Table 2 shows the best results obtained for the nine benchmark sequences, which are highly influenced by the population size. The empty value, marked with a “–” in the table, indicates that no data are available in the literature.

Figure 9 further illustrates how the population size affects the results, with the first benchmark sequence of length 20 used as an example. Similar trends were observed for other sequences, where shorter sequences (less than 50 AAs) reached optimal conformations rapidly by increasing the population size, while longer sequences did not reach the optimum.

The algorithm indicates good convergence, as the optimum conformation is typically achieved within 100 generations for small conformations. However, for larger conformations, significant improvements were not observed after 100 generations. The algorithm’s robustness was confirmed by repeating executions with the same parameters 20 times, resulting in a relatively low standard deviation. The box plot in Figure 9 presents the quartile median calculus.

Table 3 and Table 4 show the best conformations obtained by MC, SA and ACGA for the 2D square and 3D cubic lattices, respectively. In conclusion, even for long proteins, the ACGA approach offers a reasonable possibility of finding solutions very close to the optimal ones.

Algorithms Comparison. The comparative analysis of the implemented algorithms gave the following observation:

MC achieved the low energy results (can be seen in the Table 2) and has dynamic search behaviour with exploratory capability. However, due to its fixed temperature, it is prone to high fluctuations and occasional instability.
SA displayed a similar convergence and stability with MC, and was more resilient to local optima thanks to its cooling schedule. Overall, its results (energy) are slightly better those of MC algorithm.
ACGA was effective at exploring diverse conformations and maintaining population diversity. Its performance depends strongly on the balance between exploration and exploitation parameters, such as mutation rate and selection pressure. Among the three algorithms, ACGA obtained the best energy for every sequence, as shown in Table 2.

6. Discussion

MC proved the advantage of simplicity in implementation and high efficiency in small search spaces. However, the limitations include a large fluctuation that may lead to inconsistent solutions.

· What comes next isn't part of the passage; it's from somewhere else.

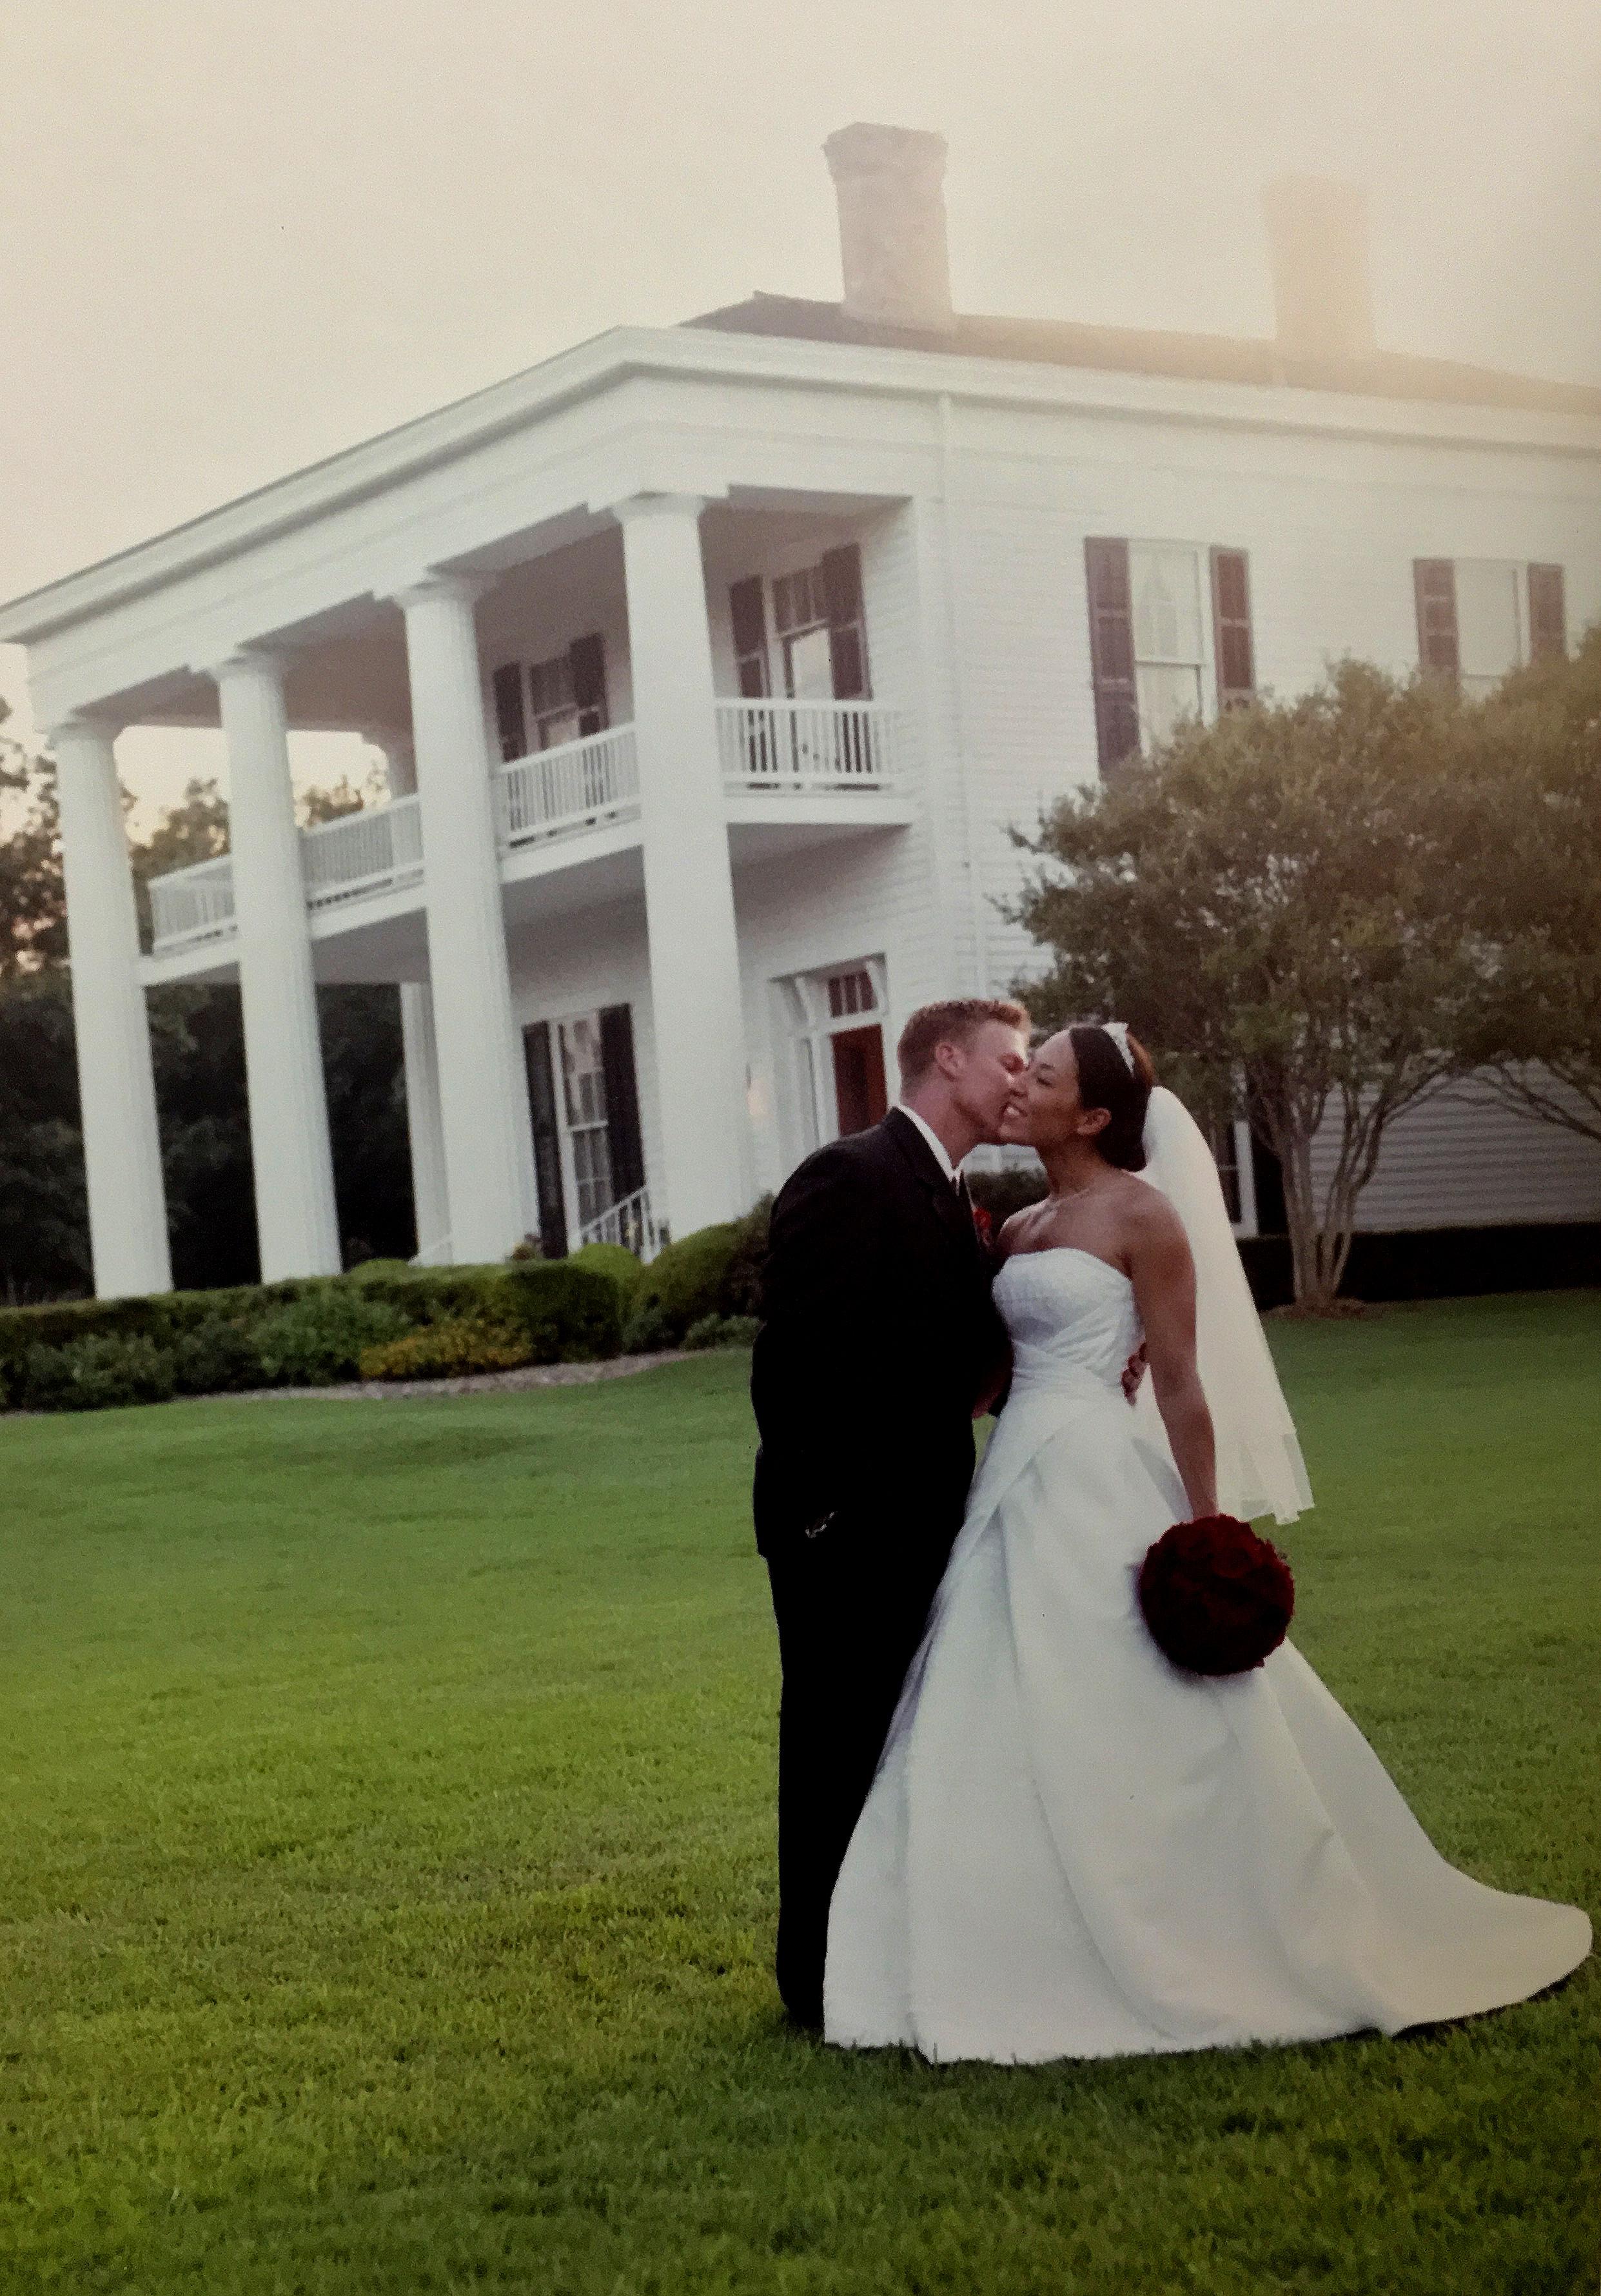 Fullsize Of Joanna Gaines Wedding Ring

SA proved to have increased stability (without extreme oscillations) and achieved better energy compared to MC. Main disadvantage consists of in the fact that MC and SA find conformations with the high energy, far from the energy of optimal conformation.

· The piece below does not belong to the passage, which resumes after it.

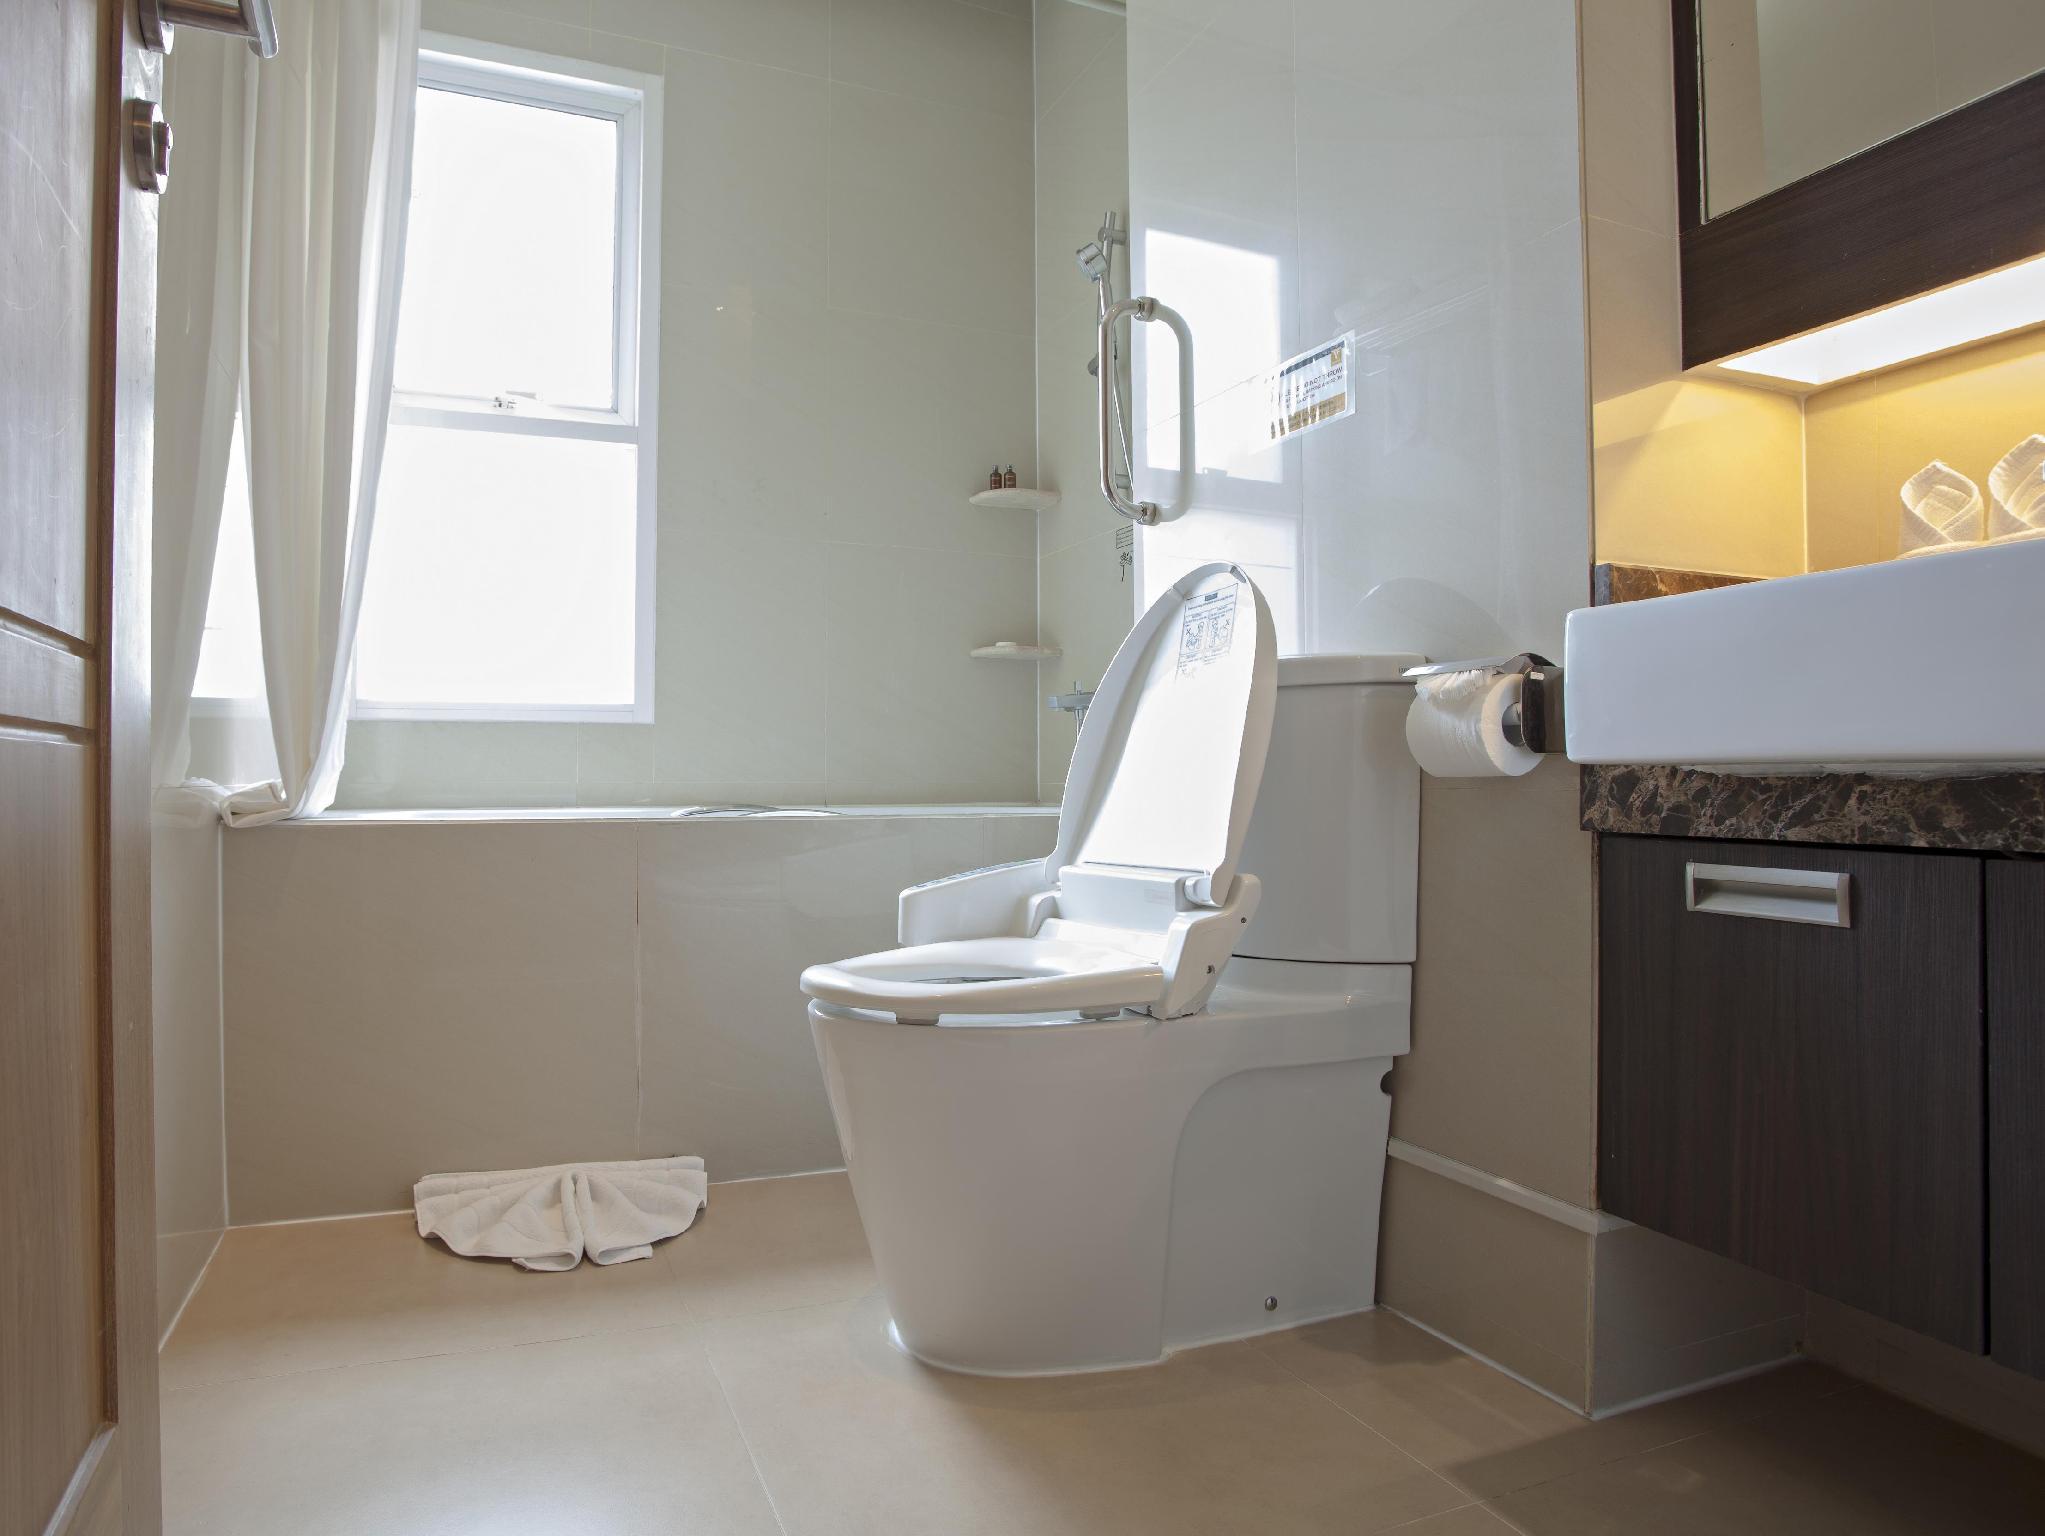 V レジデンス ホテル & サービスド アパートメント16

The ACGA algorithm was efficiently optimized from a computational point of view, enabling the use of large populations to maintain the diversity of individuals in the context of limited computing resources. Experiments have been conducted for several benchmark HP sequences, and the comparative analysis showed that the proposed genetic algorithms offer valuable advantages for PSP on the HP model, providing optimal solutions in most cases, i.e., from a maximum of 20 trials, we give the standard deviation.

In comparison to all these previous results, our approach addresses both 2D square and 3D cubic cases, and we achieved optimum conformations for sequences of length less than or equal to 50. Concerning the 2D square and 3D cubic models, our results are similar for larger sequences.

Unlike HP Protein Visualizer, which prioritises exploratory use and algorithmic approaches through simplified lattice models, AlphaFold and RoseTTAFold aim for highly accurate real-world predictions. While they require substantial computational resources, HP-based tools can be executed in a web browser and are more accessible for didactic and exploratory use.

7. Conclusions

The HP model is an ab initio paradigm to model and understand protein folding and is one of the most extensively studied physical models for protein structure prediction from sequences. While the HP model appears very simple, solving it is proven NP-hard. Based on this fact, it is a very good benchmark problem for GA.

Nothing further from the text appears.